MIR on DIII-D

A microwave imaging reflectometer (MIR) instrument, capable of simultaneously measuring the poloidal and radial structure of density fluctuations, has been developed for the DIII-D tokamak and installed in May 2013. The two-dimensional capabilities of MIR are made possible with 12 vertically separated sightlines and four-frequency operation (corresponding to four radial channels). The 48-channel DIII-D MIR system has a tunable source that can be stepped in 500 μs increments over a range of 56 to 74 GHz. Its multi-channel, multi-frequency capabilities and high sensitivity permit visualization and quantitative diagnosis of density perturbations, including correlation length, wavenumber, mode propagation velocity, and dispersion.

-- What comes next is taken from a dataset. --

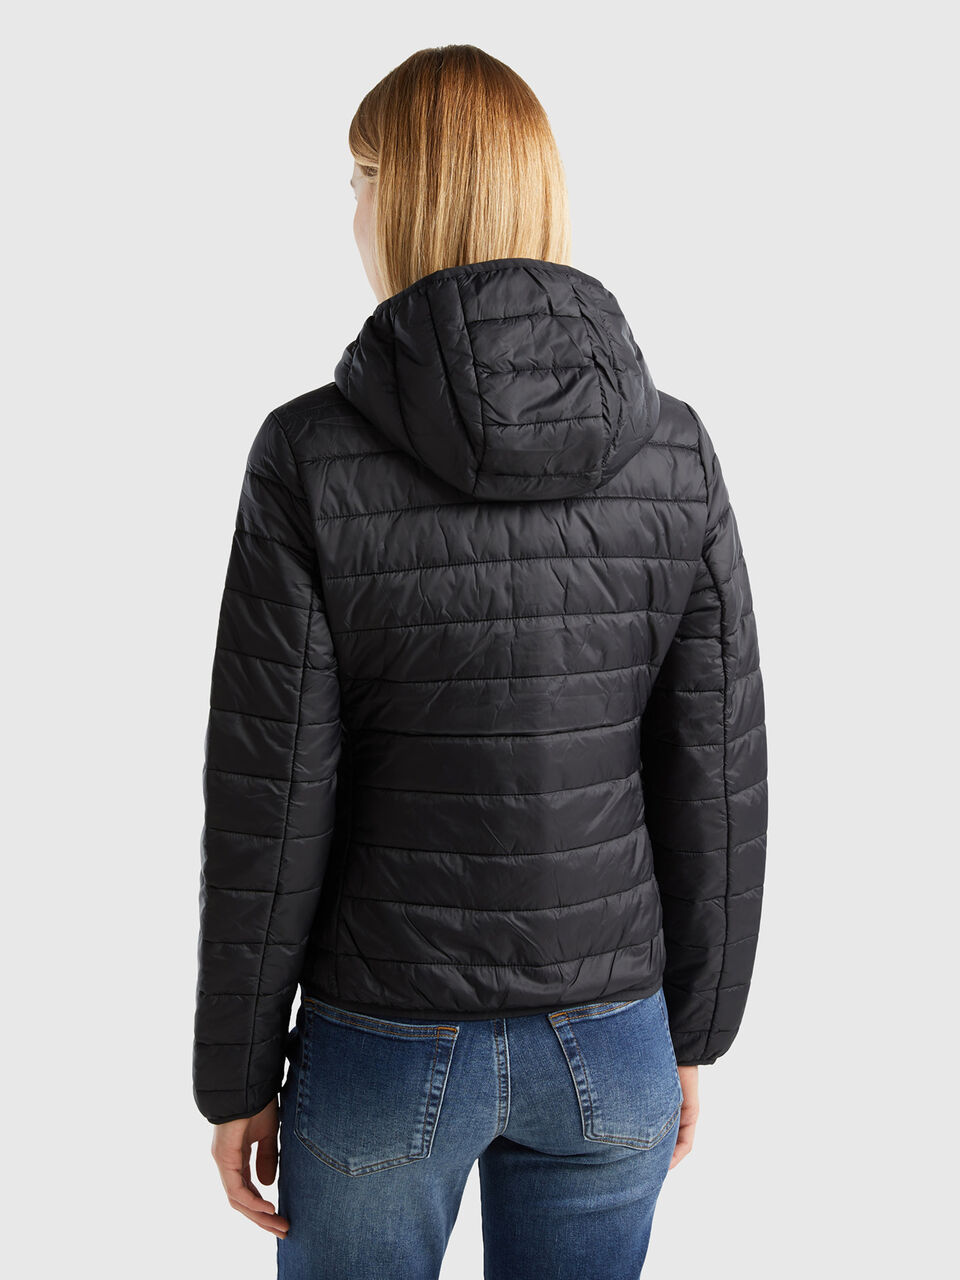 Recycled Relaxed New York Puffer Jacket, Black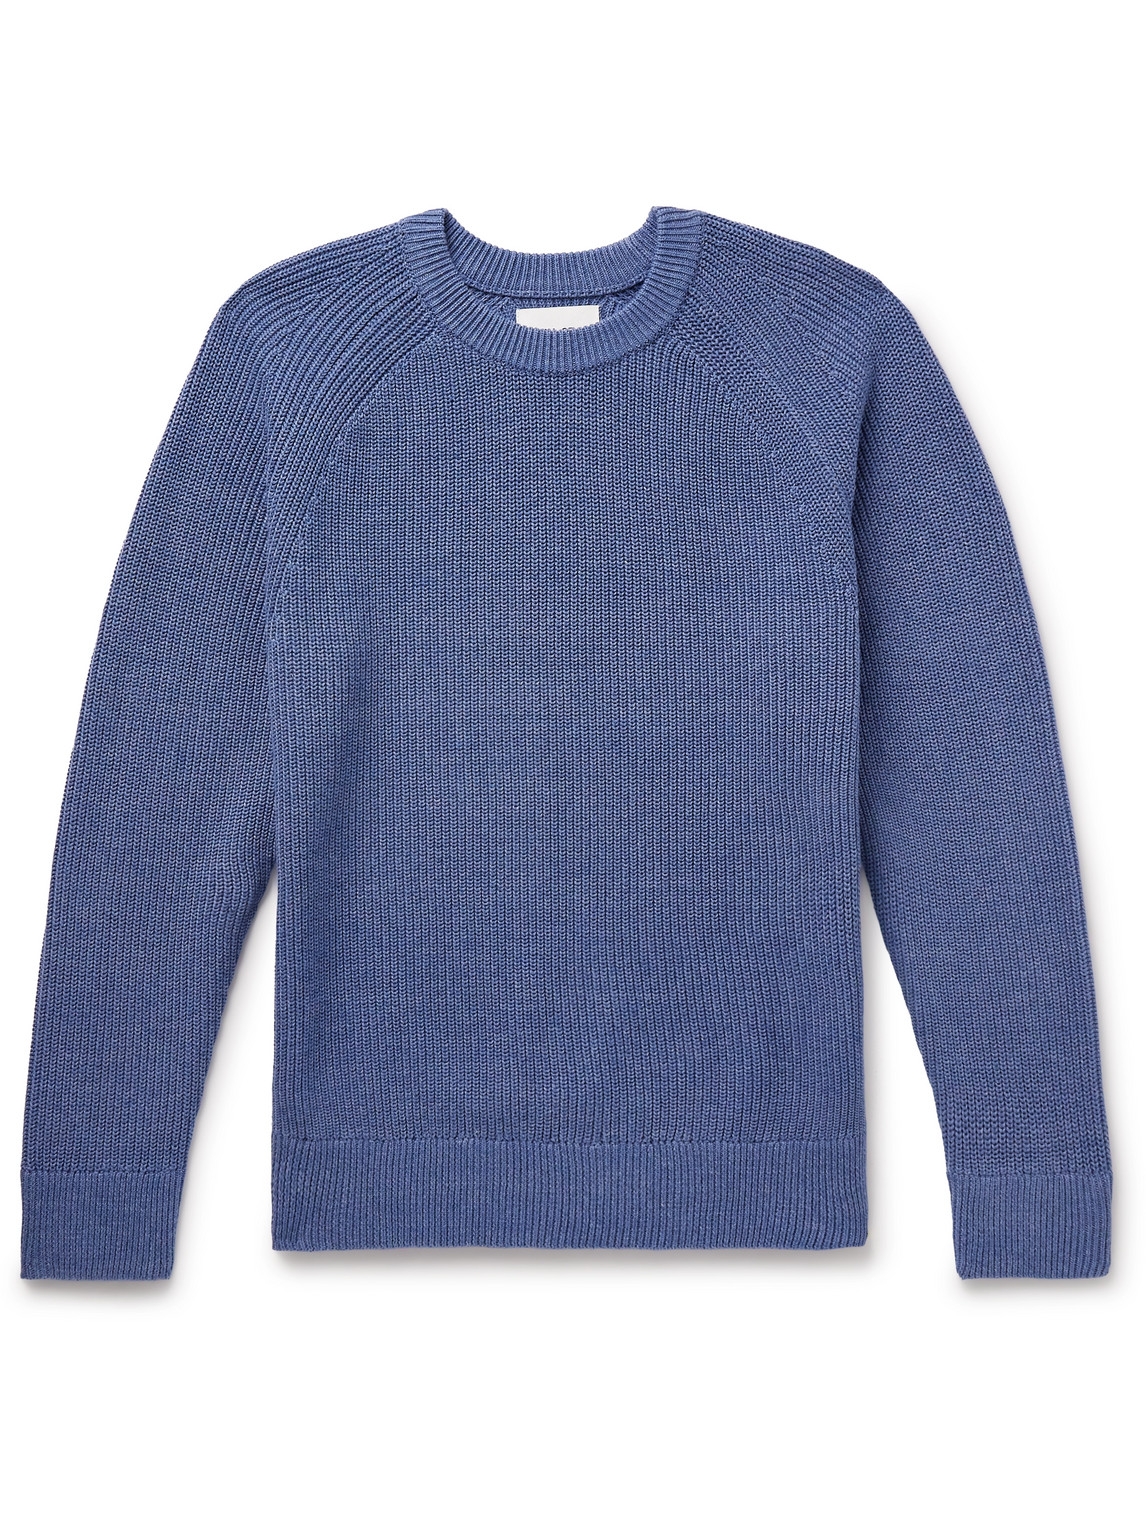 Nn07 Jacobo 6470 Ribbed Cotton Sweater In Blue

Fig 1: Typical DIII-D MIR parameters, source: https://fusion.gat.com/pubs-ext/NuclFus/A27746abs.pdf, credit to C. M.Muscatello

Highlighted Innovations

The DIII-D MIR concept has undergone numerous technological and system-level upgrades both in optics and electronics since earlier microwave imaging systems, thereby permitting a higher level of robustness and flexibility:

  1. Upgraded Optical design with mini-lens and dual-dipole antenna: The shape of the wavefront of the probing beam and the curvature of the cutoff layer strongly affect the integrity of the reflected signal. This is addressed with transmitting optical elements that are designed to control the shape of the probing beam. The innovative optical design keeps both on-axis and off-axis channels focused at the cutoff surface, permitting imaging over an extended poloidal region.[reference:Review of Sciencitific instruments 85, 11D702 (2014)]
  2. Advances in microwave electronics make it possible to transmit and detect multiple frequencies simultaneously, permitting fluctuation measurements at multiple radial locations.Interesting physics occurs over the entire poloidal cross-section of the plasma, on disparate spatial scales. MIR is flexible in this respect, allowing a remote user to rapidly tune the individual probing frequencies for a variety of correlation studies.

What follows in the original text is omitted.